Mais do que tudo, eu os amei o suficiente para dizer-lhes “não”, quando eu sabia que vocês poderiam me odiar por isso - e em alguns momentos até me odiaram.

Essas eram as mais difíceis batalhas. Mas estou contente, venci!... Porque no final vocês venceram também!

E em qualquer dia no futuro, quando meus netos forem crescidos o suficiente para entender a lógica que motiva o comportamento dos pais e mães; quando eles lhes perguntarem se sua mãe era má, vocês, meus filhos, vão lhes dizer:

“Sim, nossa mãe era má. Era a mãe mais má do mundo...
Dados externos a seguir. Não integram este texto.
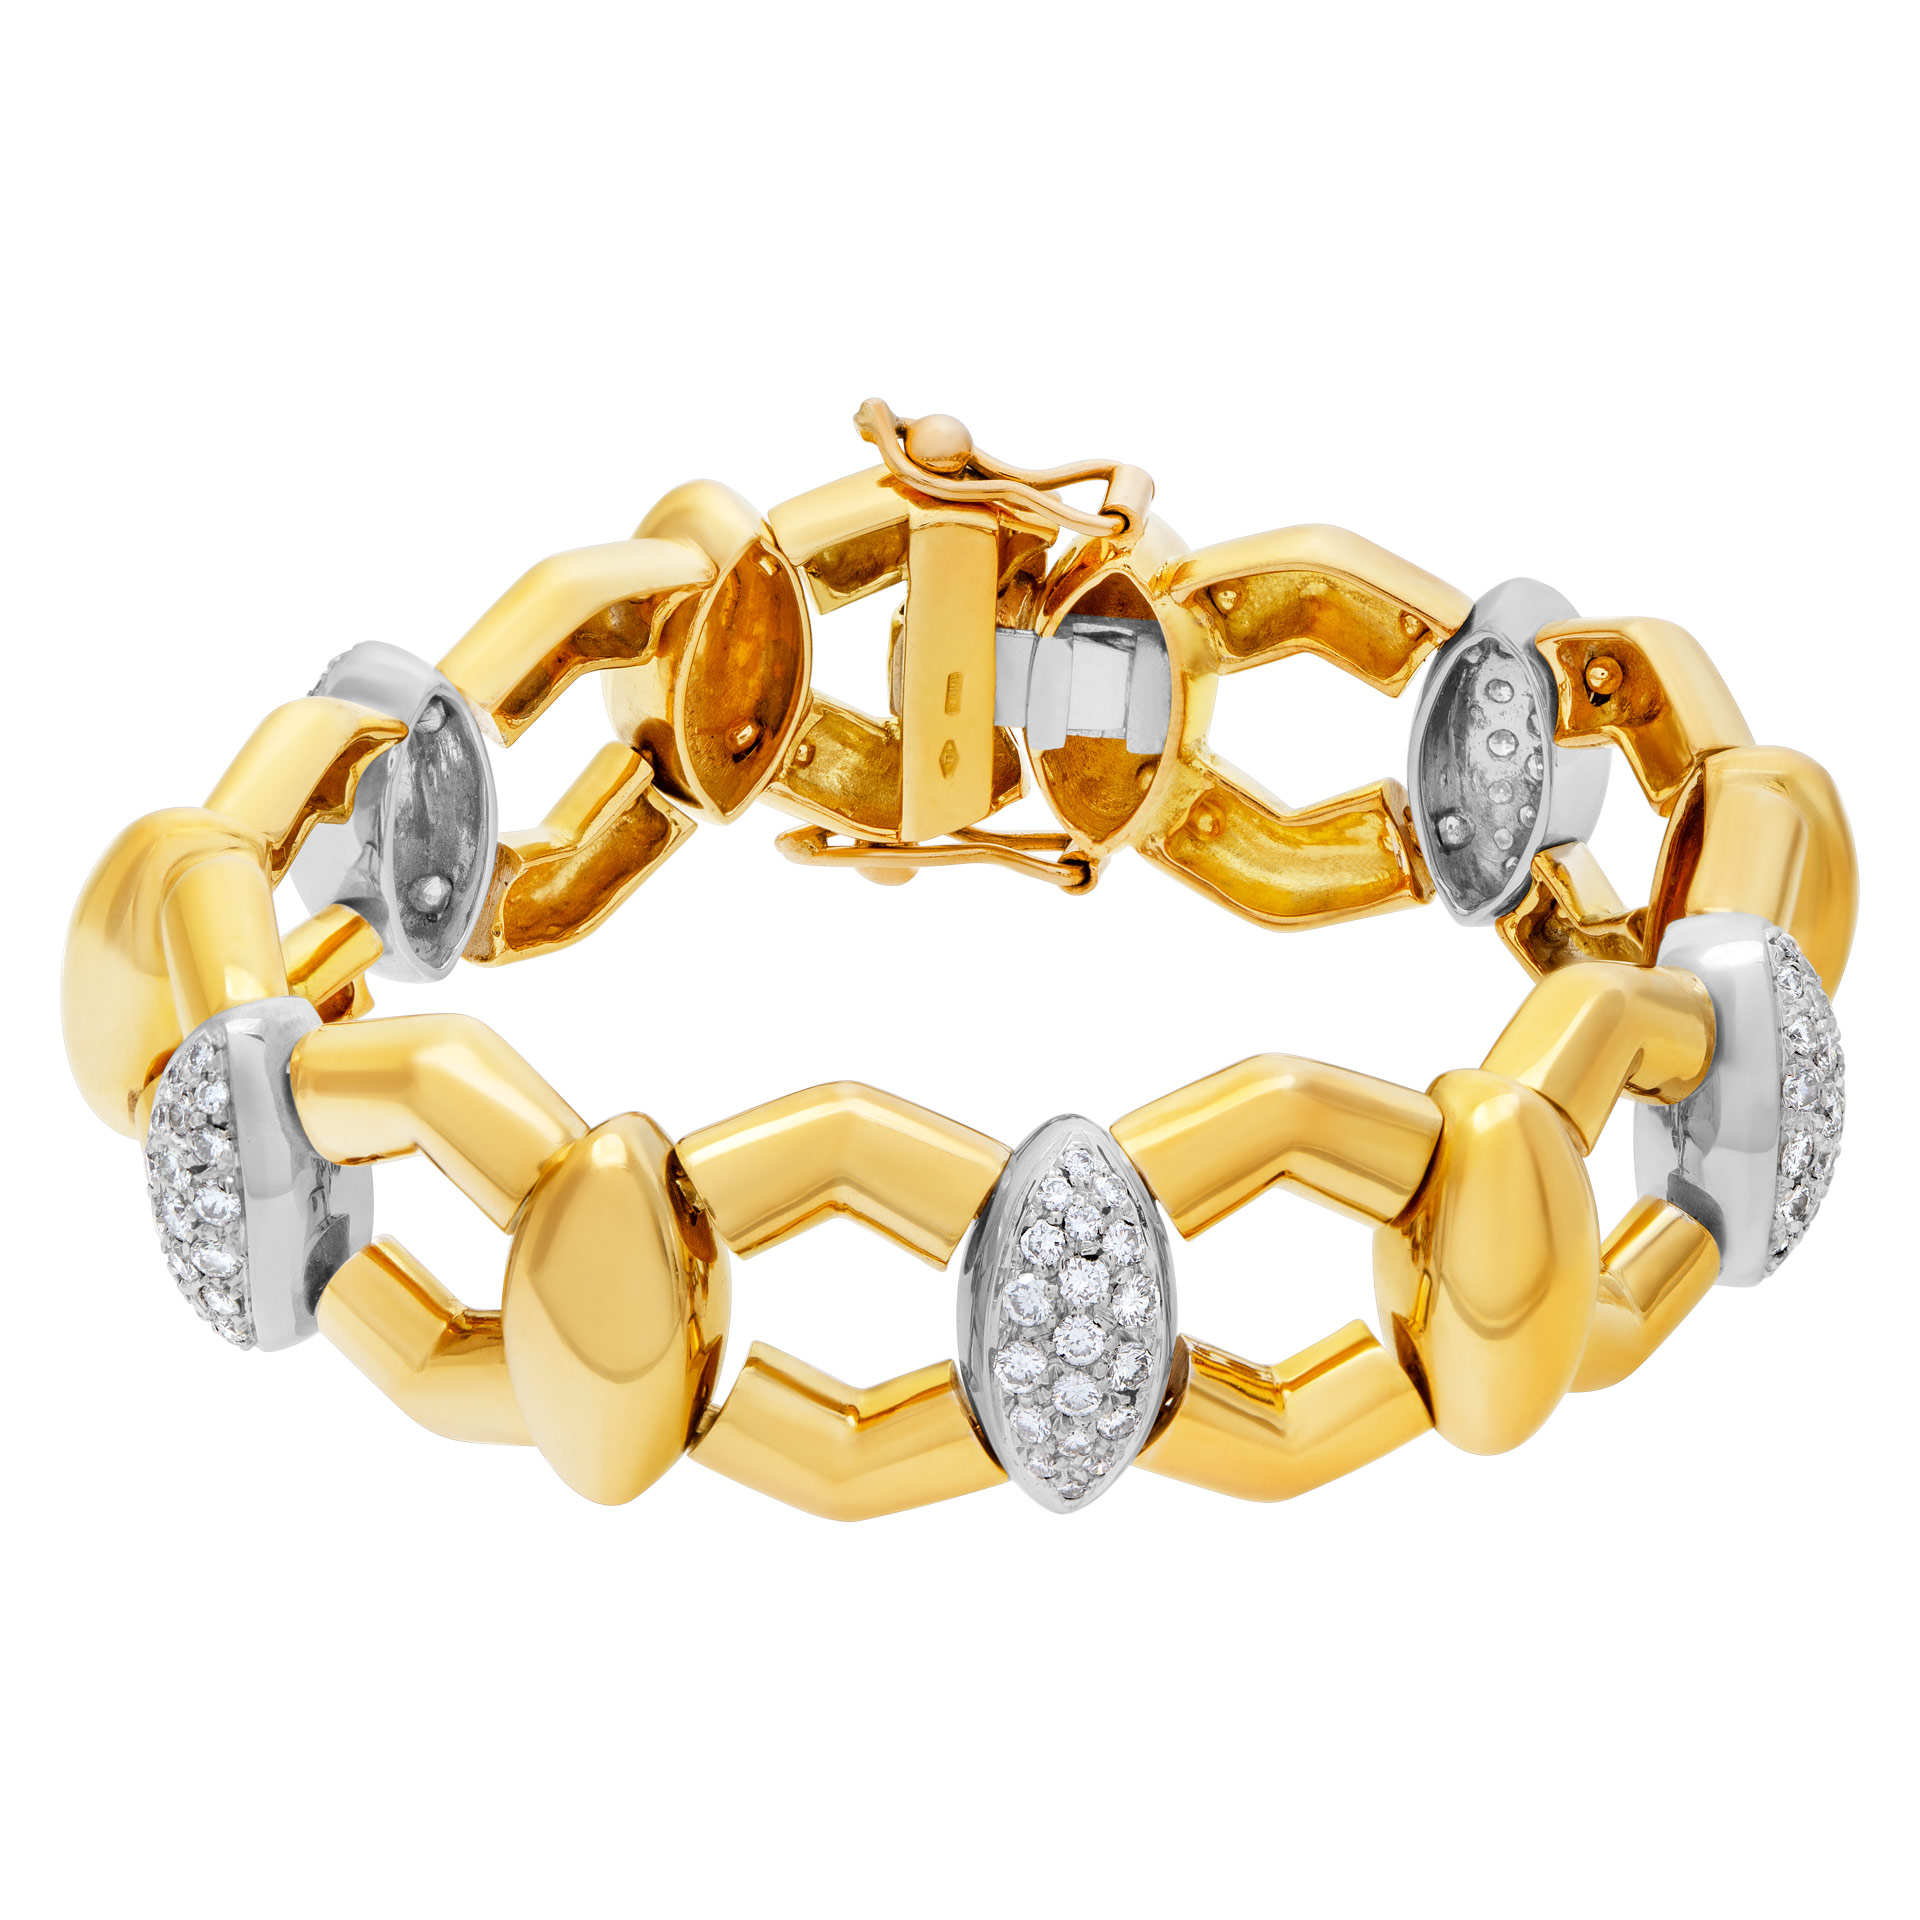 Diamond bracelet set in 18k yellow gold approximately 2.35 carats in diamonds image 1

“As outras crianças comiam doces e guloseimas no café e nós tínhamos que comer cereais, ovos, torradas.

“As outras crianças bebiam refrigerantes, comiam batatas fritas e sorvetes no almoço, enquanto nós tínhamos que comer arroz, feijão, carne, legumes e frutas.

“Ela insistia em saber onde estávamos a toda hora. Mamãe tinha que saber quem eram nossos amigos e o que fazíamos com eles.

“Ela insistia que lhe disséssemos com quem sairíamos, mesmo que demorássemos pouco tempo para voltar.

“Quando éramos adolescentes, ela conseguia até ler os nossos pensamentos...

“Muitas vezes pensávamos que nossa vida era mesmo chata!

“Ela não deixava os nossos amigos simplesmente tocarem a buzina do carro para que saíssemos; tinham que subir, bater à porta para ela os conhecer.

“Enquanto todos podiam voltar tarde da noite com doze anos, tivemos que esperar pelos dezesseis para chegar um pouco mais tarde, e ela ainda se levantava para saber se a festa foi boa - só para ver como estávamos ao voltar.

“Por causa de nossa mãe má nós perdemos grandes experiências na adolescência: Nenhum de nós se envolveu com drogas, com roubo, com atos de vandalismo, com violação de propriedade, nem fomos presos por nenhum crime!

“Foi tudo por causa dela!

“Agora que já somos adultos, honestos e educados, estamos fazendo o máximo para sermos ‘pais maus’, como foi nossa mãe.”

Um dos grandes males do mundo de hoje é que não há suficientes mães más!